The brief included a section on the conditions under which the SAM could expand: specifically, a system price reduction of approximately 30% (achievable through hardware cost reduction at scale), a simplified integration pathway reducing integration cost below $50,000 per deployment, or a shift to a managed service pricing model that reframed the deployment as an operating cost substitution rather than a capital expenditure , each of which would meaningfully increase the viable hospital population.
A sensitivity table showed how SAM and year-5 revenue projections changed across combinations of system price and integration cost , giving the investment committee a range of scenarios rather than a single point estimate.
Decision Outcome
The investment firm used the market sizing brief as the primary basis for renegotiating valuation assumptions with the target company. The term sheet was restructured with a lower entry valuation and milestone-based tranches tied to SAM expansion triggers , specifically, evidence of integration cost reduction and penetration within the defined viable segment , rather than revenue targets derived from the full TAM.
The firm proceeded with the investment on the restructured terms. The investment committee cited the SAM analysis as the specific input that shifted the deal from a pass to a conditional proceed , the market was large enough to justify the investment at the revised valuation, and the SAM expansion pathway was credible.
Lessons for the Industry
(Autonomy Bridge proprietary analysis, 2026)
TAM figures in robotics investment materials are almost universally top-down constructions: facility count multiplied by average system value. They are not incorrect as theoretical ceilings. They are consistently incorrect as investment planning inputs because they include the large fraction of the theoretical market where the economics of deployment do not work at the platform’s current price point.
For healthcare robotics specifically, the TAM-to-SAM compression is severe because hospital economics are constrained in ways that general industrial or commercial markets are not: capital approval thresholds are strict, integration costs are high, and the labor displacement logic that works in other sectors applies only to a fraction of clinical support labor. Investors who do not build bottom-up SAM estimates before evaluating healthcare robotics positions are pricing risk they have not measured.
The Robotics ROI Model provides the deployment economics structure required to define the economic viability threshold and build a defensible SAM for any robotics platform category , including healthcare applications where the displacement variable is clinical time rather than direct labor cost.

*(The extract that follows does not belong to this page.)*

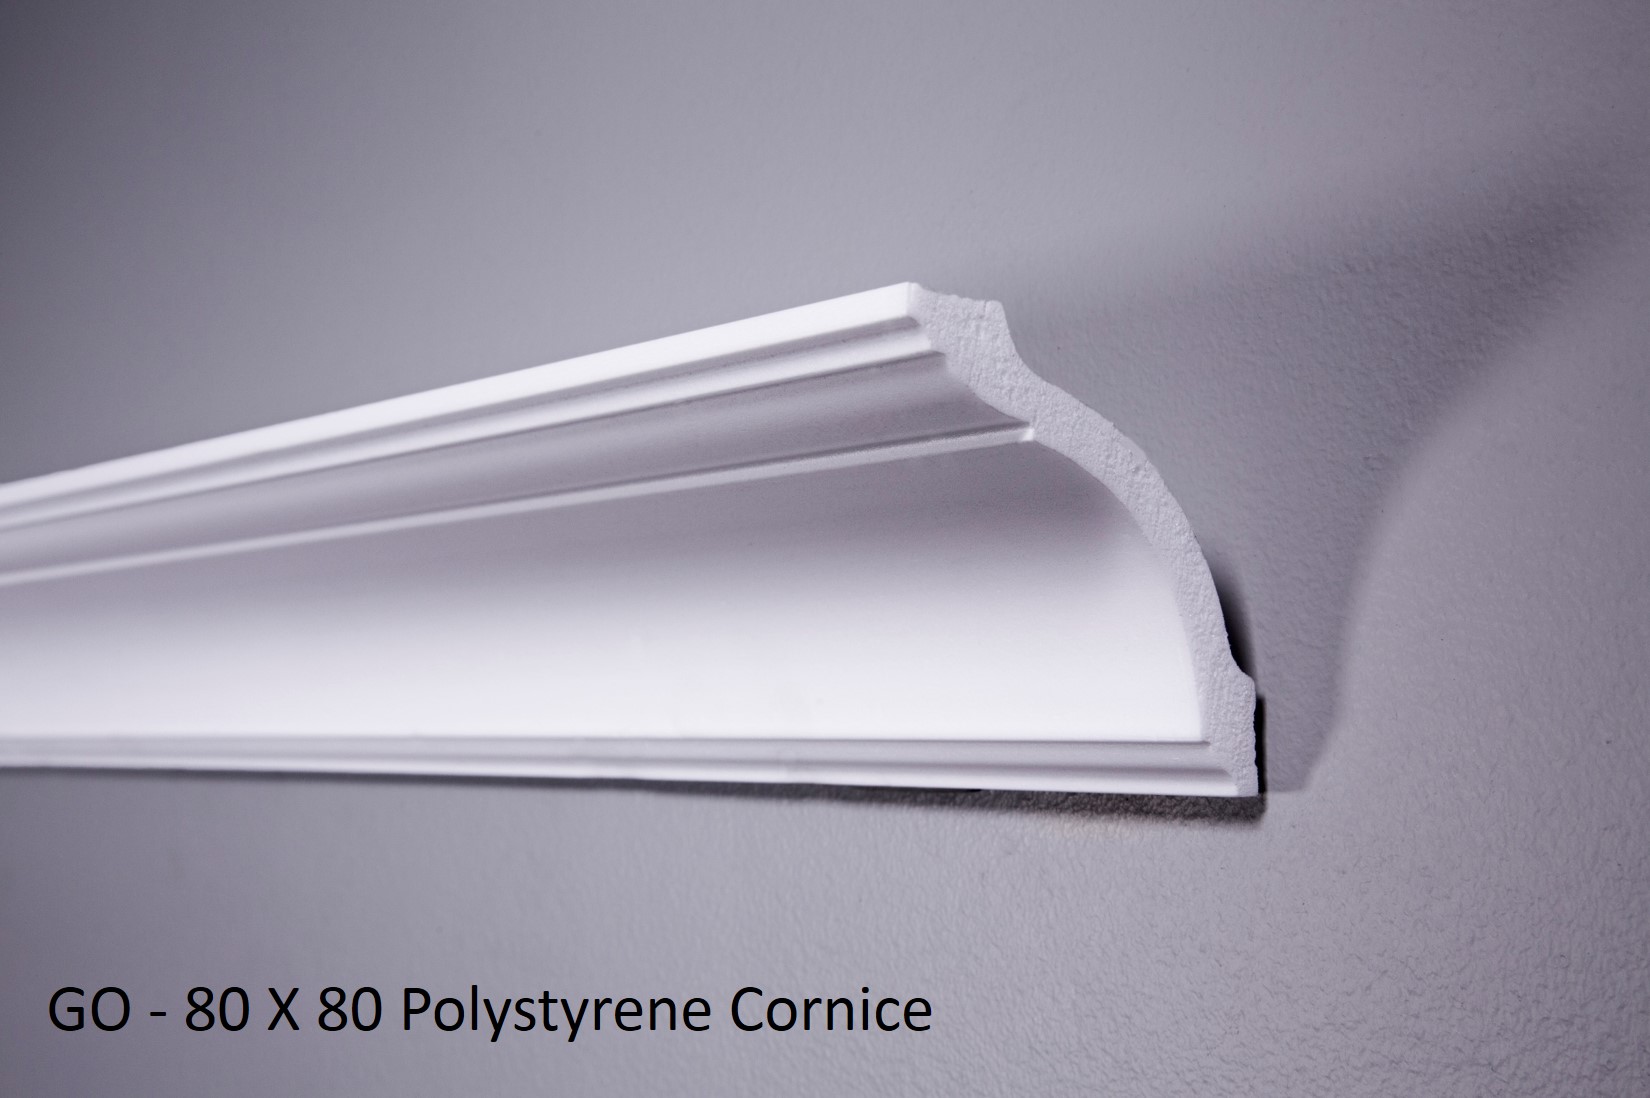 GO - 80 X 80 Polystyrene Cornice

Related case studies: AI and Robotics Market Sizing for Private Equity · Robotics Market Entry Decision Analysis Related frameworks: Robotics ROI Model Related insights: How Investors Should Size Robotics Markets · Why Healthcare Robotics Deployments Follow a Different Economic Logic Glossary terms: total addressable market · serviceable addressable market · market penetration rate
Frequently Asked Questions
What was the difference between the target company’s TAM and the bottom-up SAM Autonomy Bridge produced? The target company’s investor materials presented a TAM of $4.2 billion derived from total U.S. acute care hospital count multiplied by average system value. The bottom-up SAM, screened against the economic viability threshold for the platform at its current price point, was approximately $840 million , approximately one-fifth of the TAM figure. The compression resulted primarily from hospital labor economics: the majority of U.S. acute care hospitals employ clinical support staff at costs below the threshold required for the platform to generate a return within 48 months. (Autonomy Bridge proprietary analysis, 2026)

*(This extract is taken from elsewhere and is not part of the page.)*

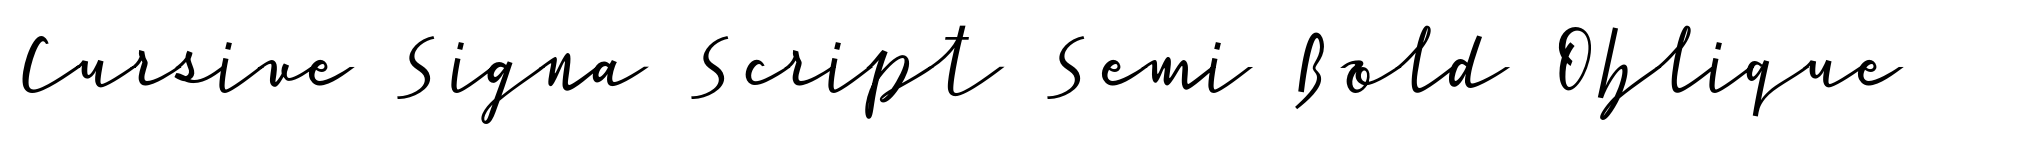 Cursive Signa Script Semi Bold Oblique image

Why is integration cost a critical variable in hospital robotics market sizing? EHR integration, pharmacy system integration, and elevator control system integration add $80,000-$140,000 per hospital deployment in cost that is not reflected in system list price. When integration cost is included in total cost of ownership, the payback period at median hospital labor costs exceeds the capital committee approval threshold for the majority of the hospital population , removing those hospitals from the viable market regardless of platform capability.

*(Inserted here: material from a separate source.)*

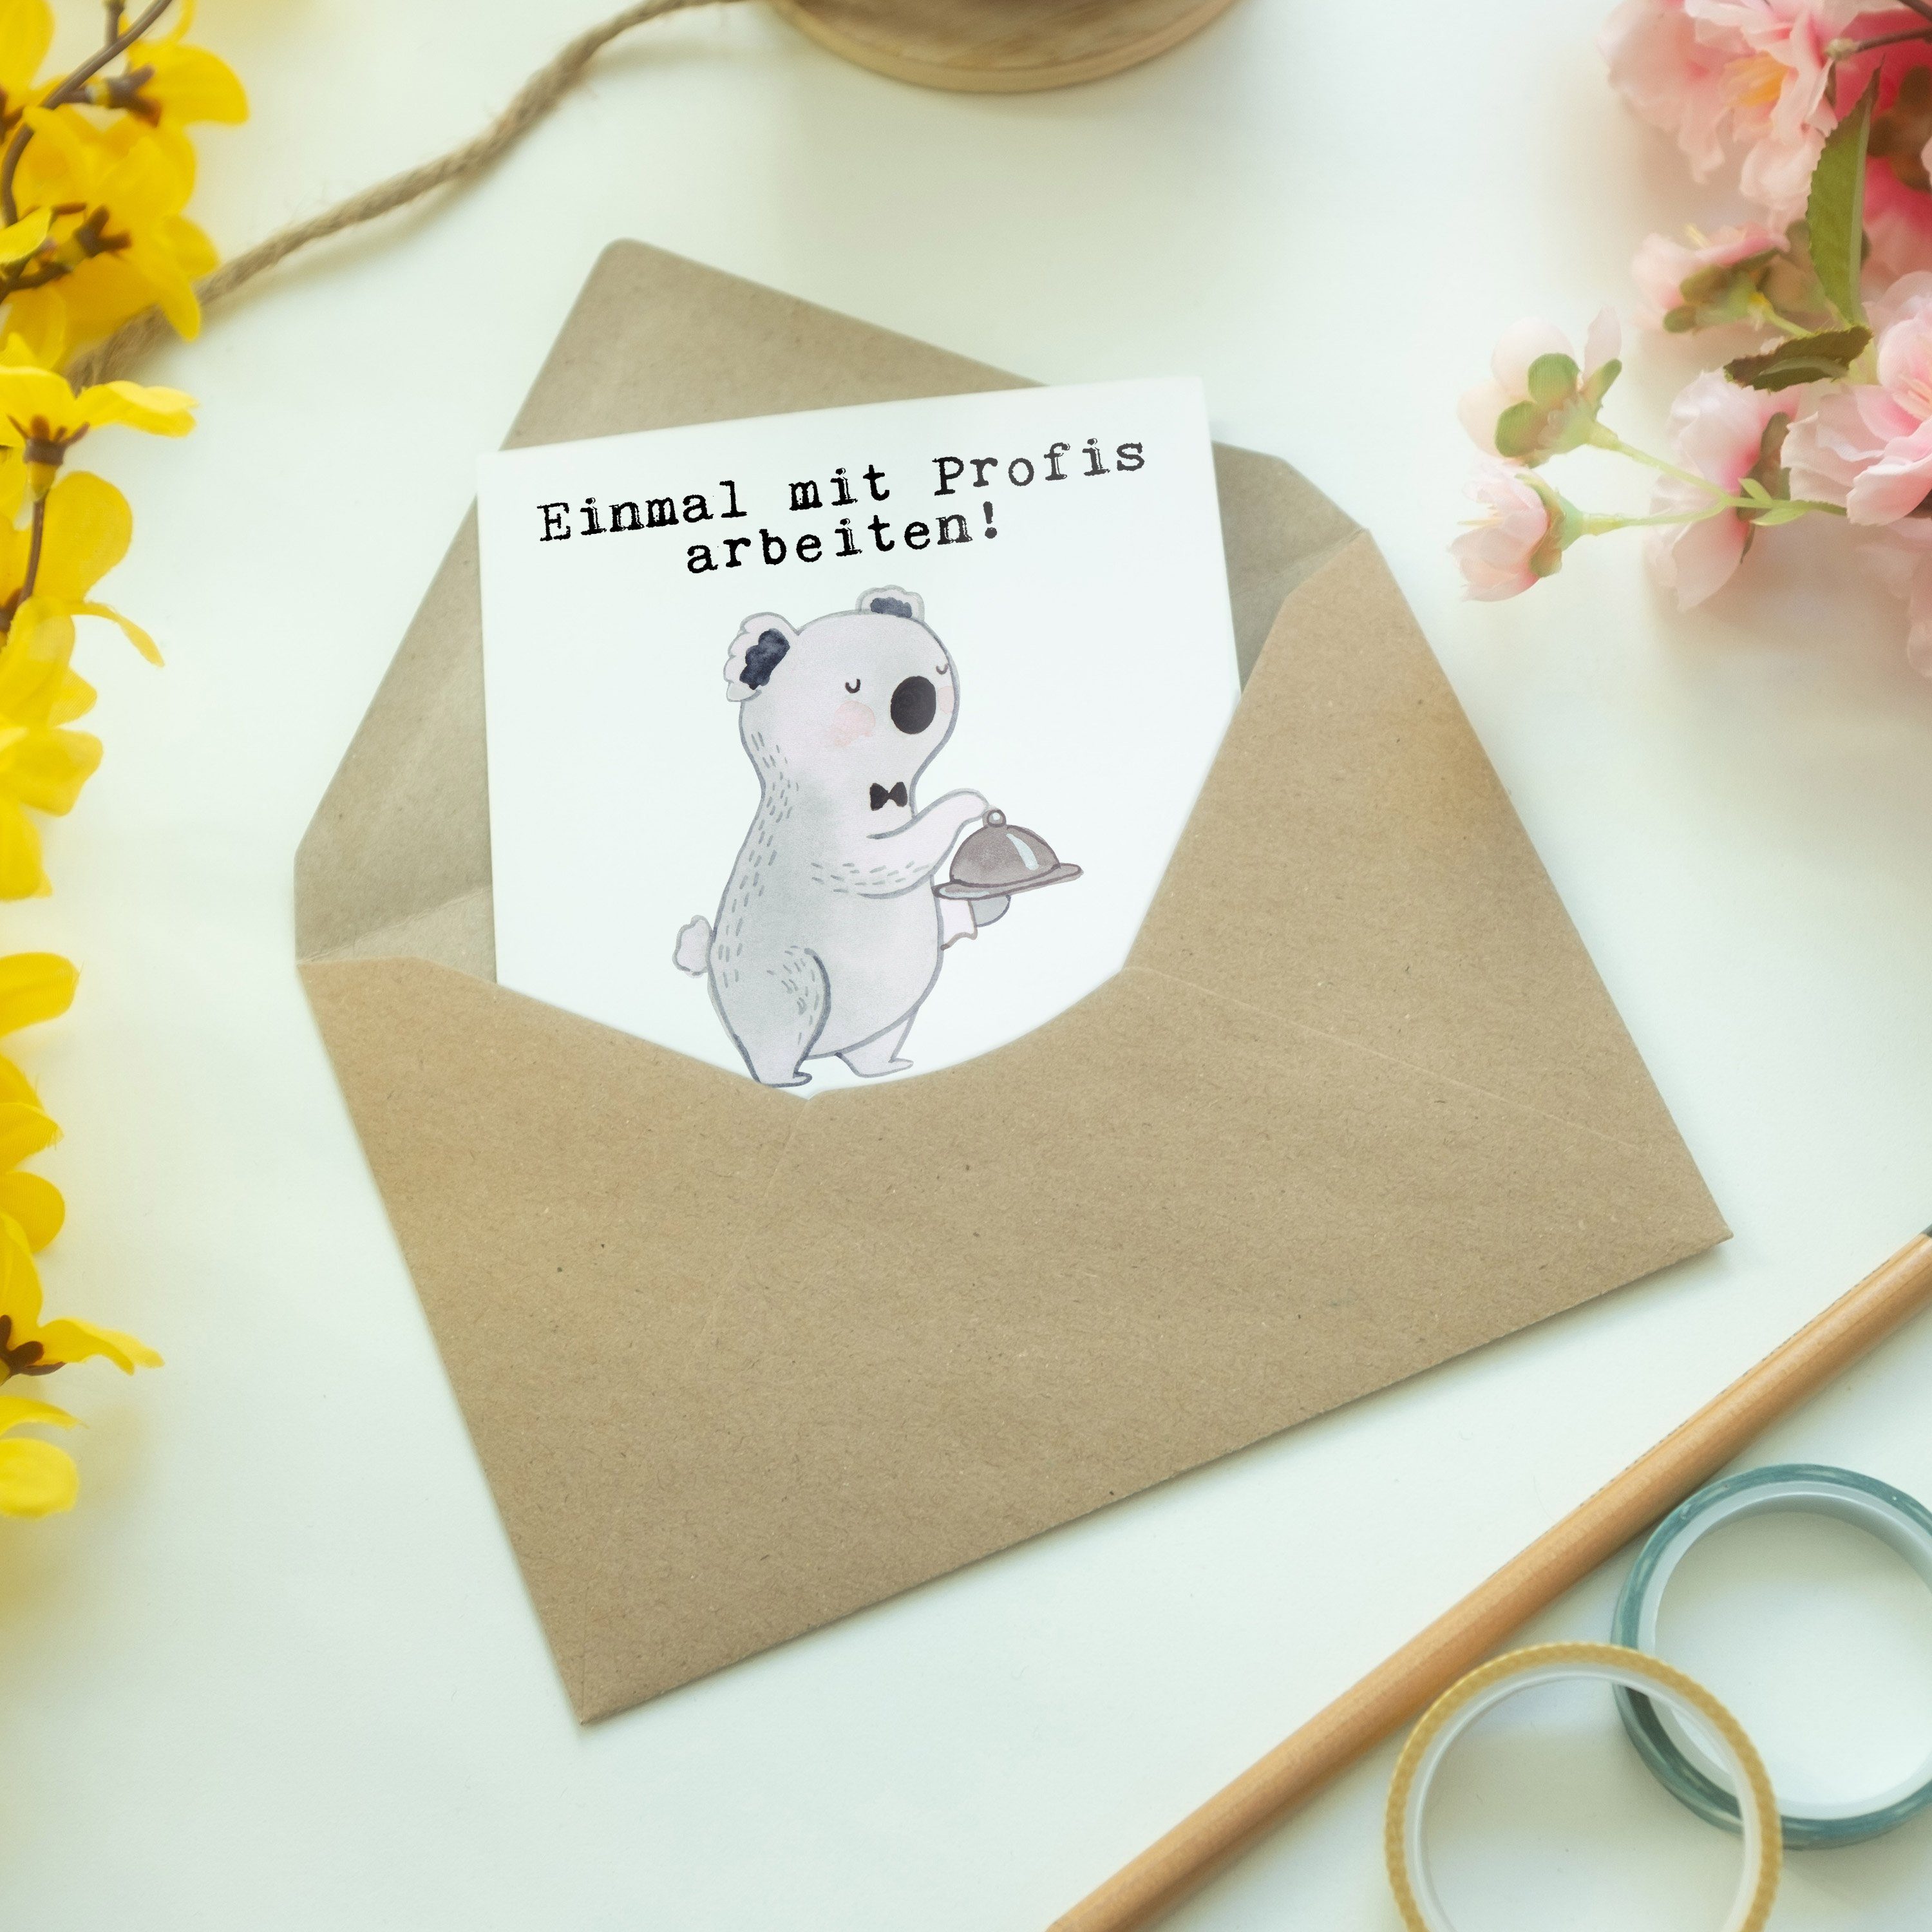 Mr. & Mrs. - Hochzeitskarte Grußkarte Weiß Restaurantfachmann - Leidenschaft Geschenk, Panda aus

How did the bottom-up SAM affect the investment decision? The investment firm restructured the term sheet with a lower entry valuation and milestone-based tranches tied to SAM expansion triggers , evidence of integration cost reduction and penetration within the defined viable segment , rather than revenue targets derived from the TAM. The investment proceeded on the restructured terms. The SAM analysis shifted the deal from a pass to a conditional proceed.
What conditions would expand the SAM for hospital logistics robotics? Three conditions materially expand the viable hospital population: a system price reduction of approximately 30% achievable through hardware cost reduction at manufacturing scale; a simplified integration pathway reducing per-deployment integration cost below $50,000; or a shift to managed service pricing that reframes the deployment as an operating cost substitution rather than a capital expenditure. Each condition reduces the economic floor and brings a larger fraction of the hospital population within the viable segment.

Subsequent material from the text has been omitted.